TASK MATERIAL |
-- -- --

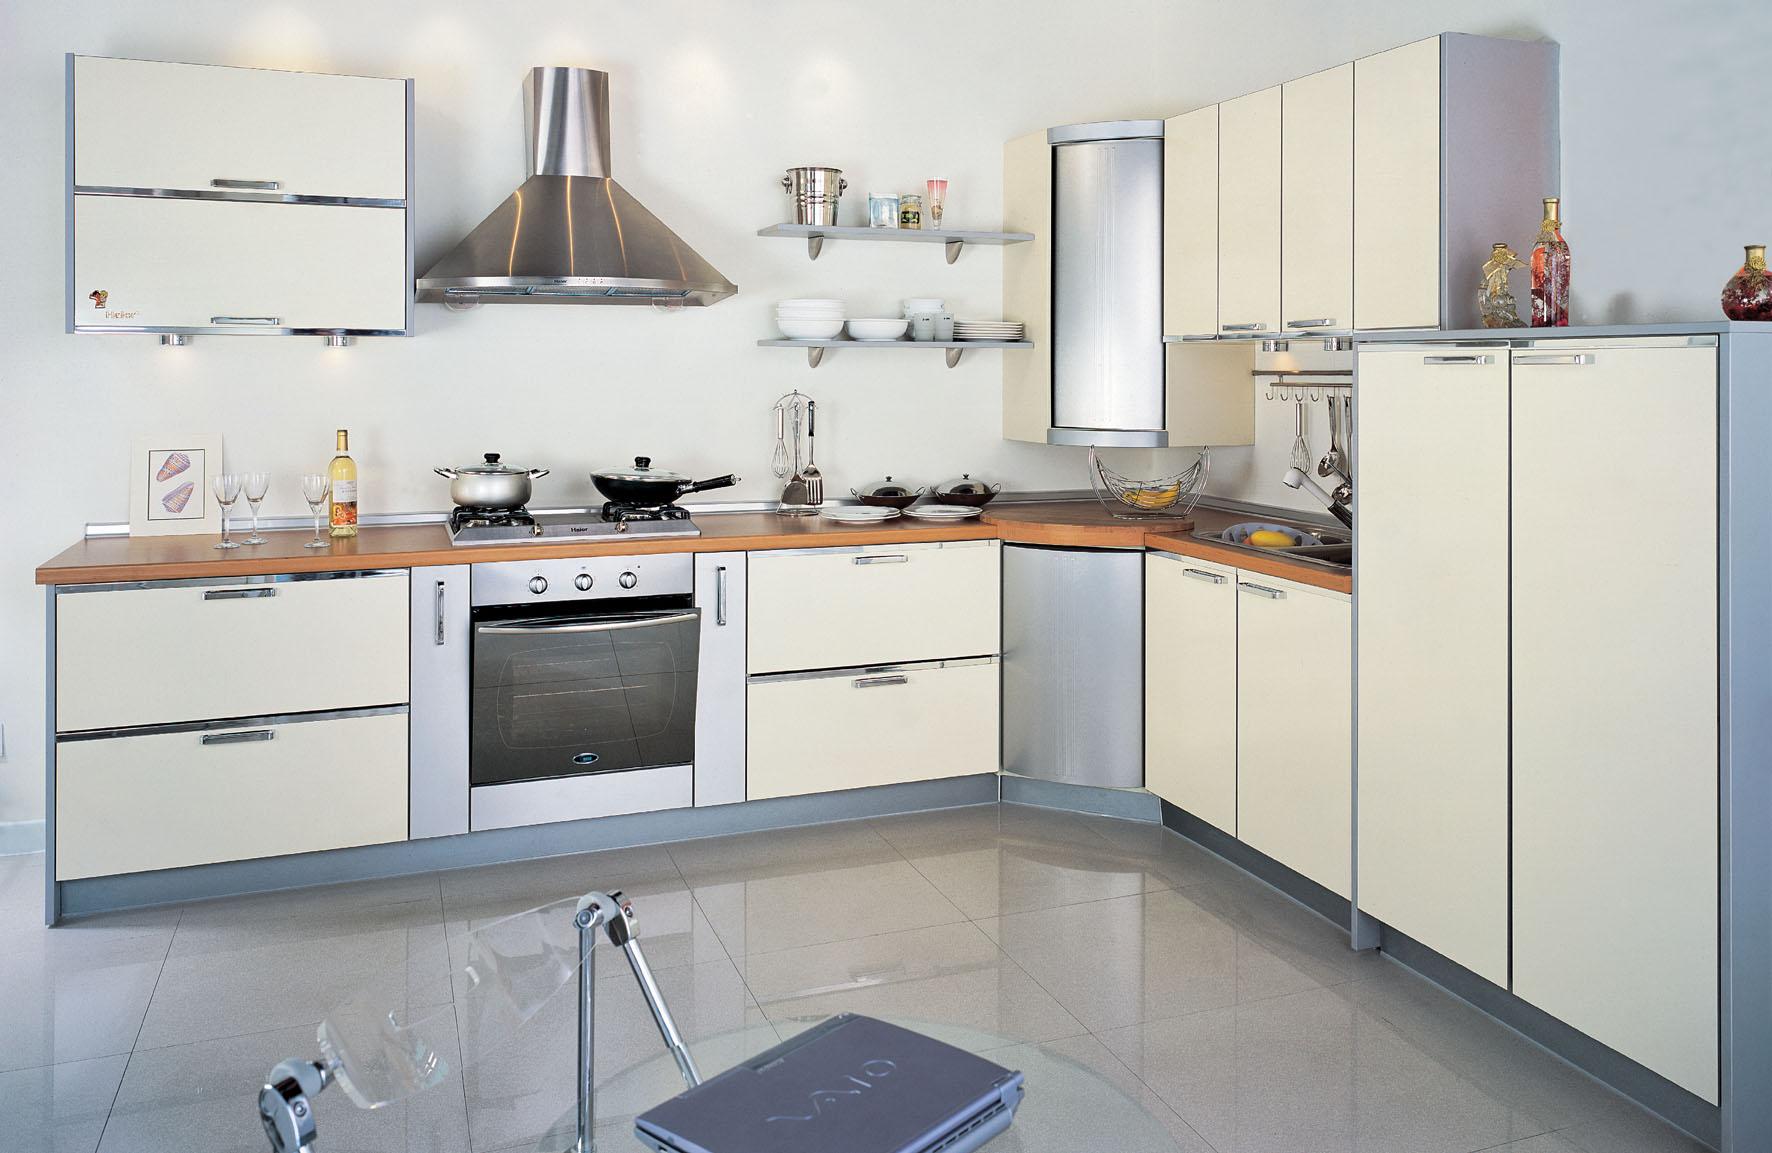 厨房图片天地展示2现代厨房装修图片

-- -- --

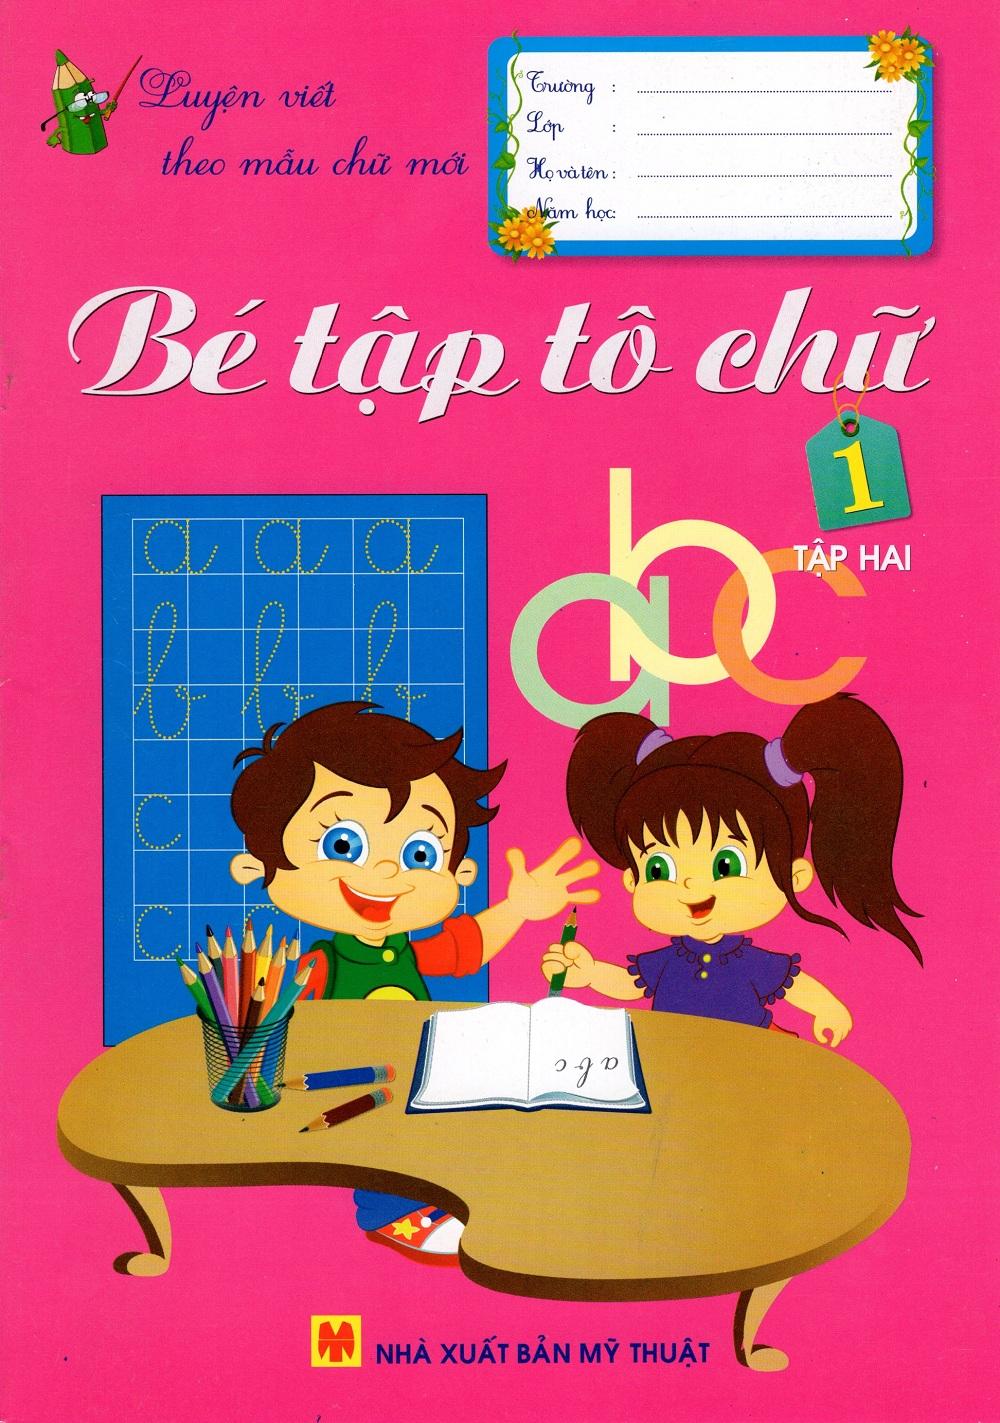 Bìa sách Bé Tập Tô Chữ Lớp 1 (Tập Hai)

-- -- --

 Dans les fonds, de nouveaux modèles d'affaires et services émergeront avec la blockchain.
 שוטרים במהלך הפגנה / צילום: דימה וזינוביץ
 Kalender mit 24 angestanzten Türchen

-- -- --

TRY IT |
Go to the line with "Dans les fonds, de" in the entries above and repeat every line from there through the line with "Kalender mit 24 angestanzten Türchen", exactly and with no other text.

EXERCISE OUTPUT |
 Dans les fonds, de nouveaux modèles d'affaires et services émergeront avec la blockchain.
 שוטרים במהלך הפגנה / צילום: דימה וזינוביץ
 Kalender mit 24 angestanzten Türchen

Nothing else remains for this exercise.